DIRECTIONS
Write out the data that follows exactly, keeping every picture out.

STORED DATA
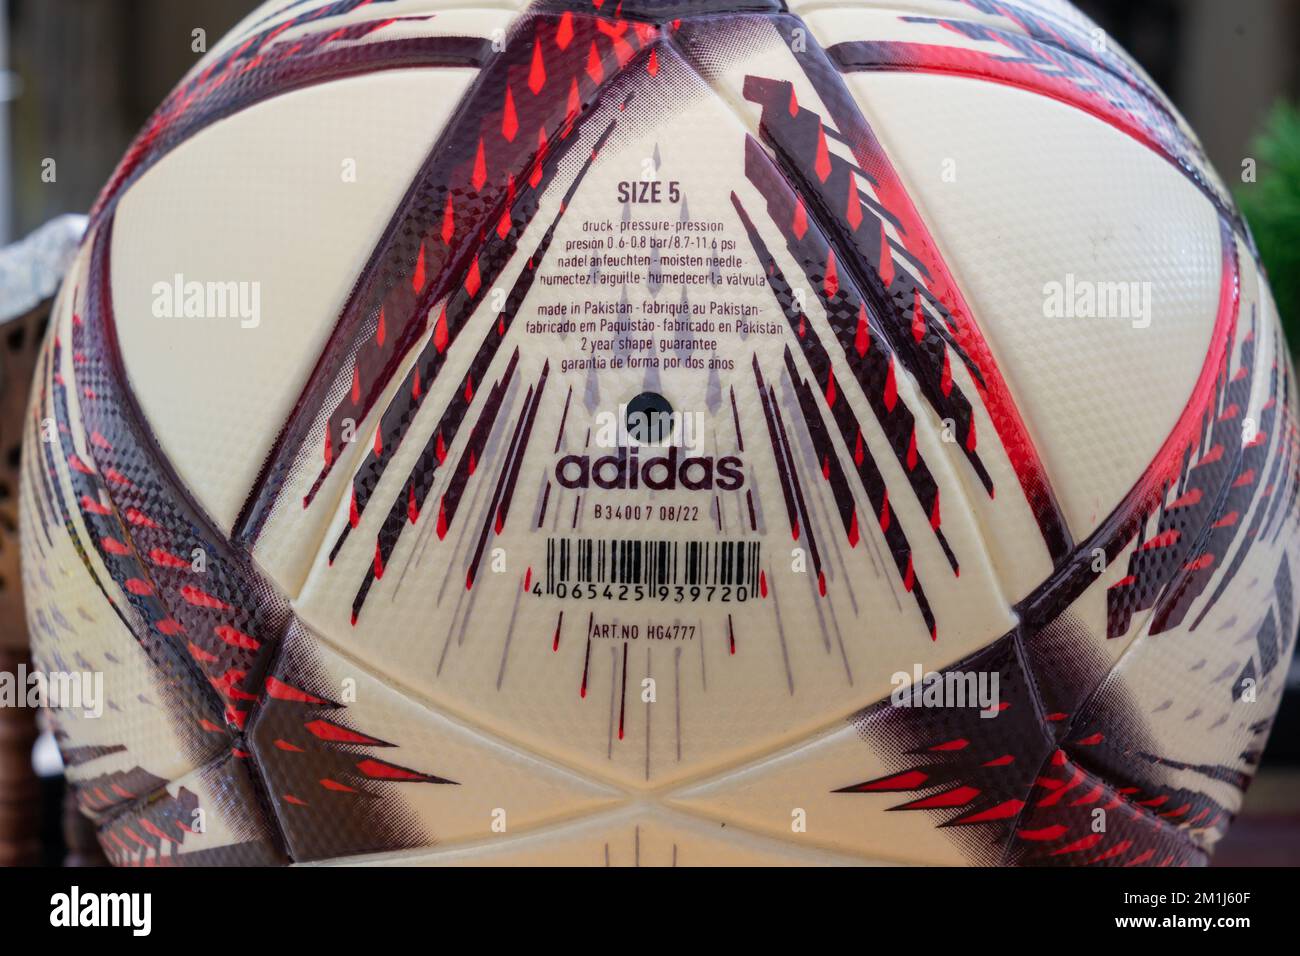 Primo piano della palla adidas al Hilm, che è la palla ufficiale utilizzata nella Coppa del mondo FIFA 2022 Qatar semifinale e finale. Foto Stock
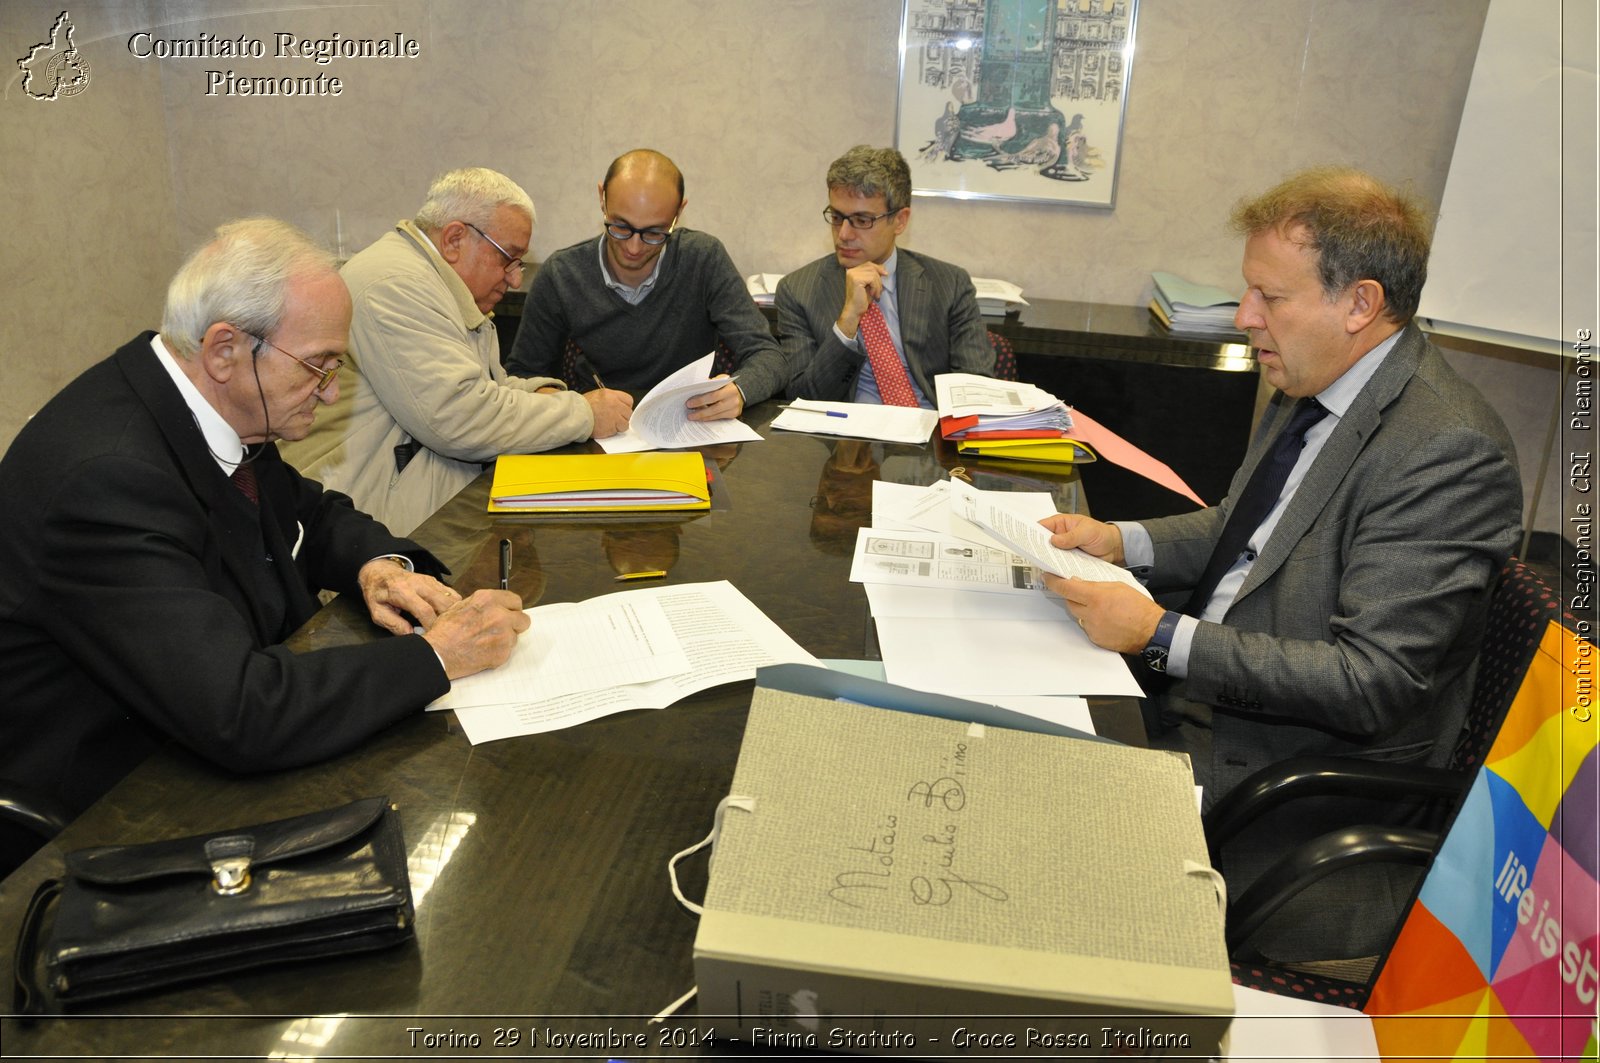 Torino 29 Novembre 2014 - Firma Statuto - Croce Rossa Italiana- Comitato Regionale del Piemonte
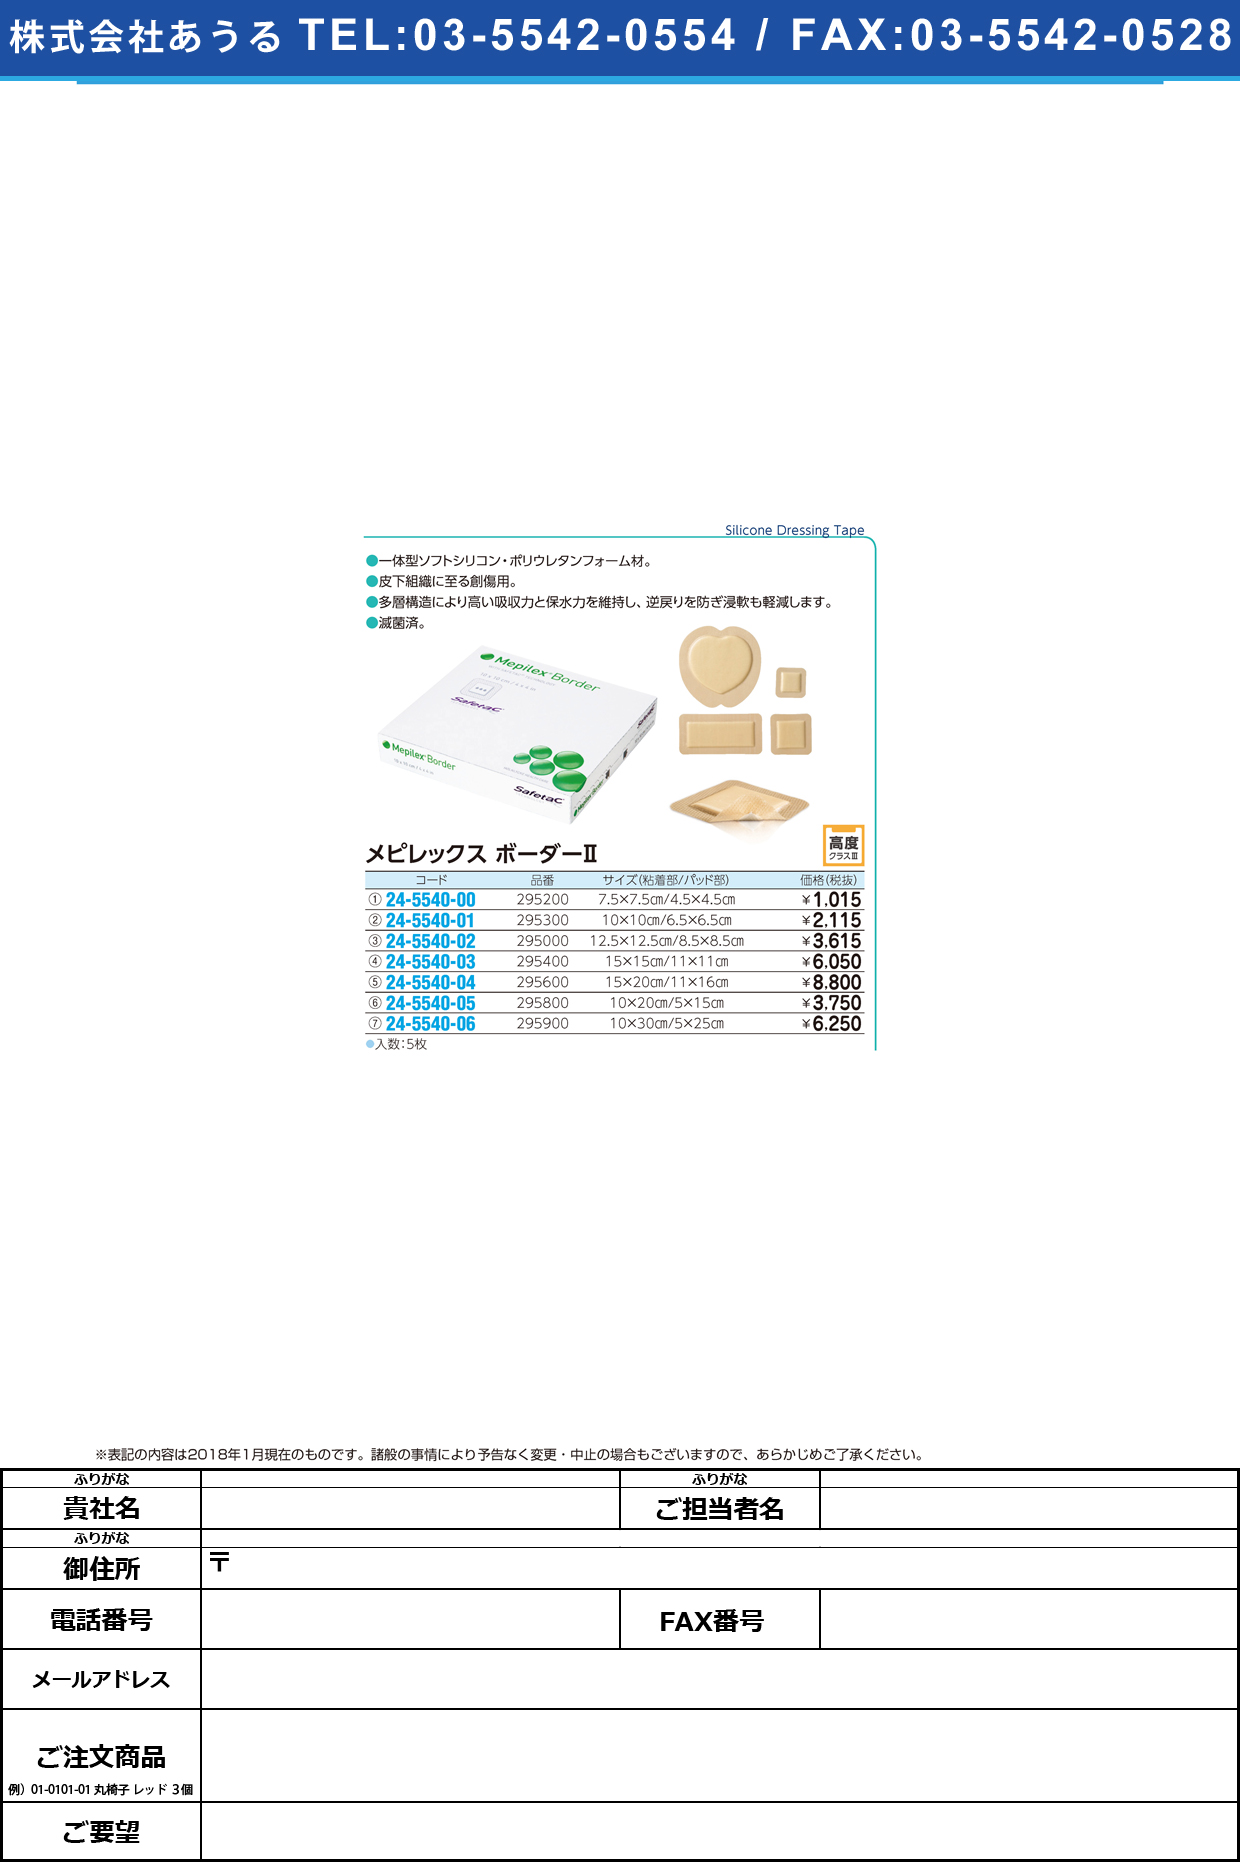 (24-5540-06)メピレックスボーダーⅡ 295900(10.0X30.0)5ｲﾘ ﾒﾋﾟﾚｯｸｽﾎﾞｰﾀﾞｰ2(メンリッケヘルスケア)【1箱単位】【2019年カタログ商品】

ANSWER SPACE
 Primo piano della palla adidas al Hilm, che è la palla ufficiale utilizzata nella Coppa del mondo FIFA 2022 Qatar semifinale e finale. Foto Stock
 Torino 29 Novembre 2014 - Firma Statuto - Croce Rossa Italiana- Comitato Regionale del Piemonte
 (24-5540-06)メピレックスボーダーⅡ 295900(10.0X30.0)5ｲﾘ ﾒﾋﾟﾚｯｸｽﾎﾞｰﾀﾞｰ2(メンリッケヘルスケア)【1箱単位】【2019年カタログ商品】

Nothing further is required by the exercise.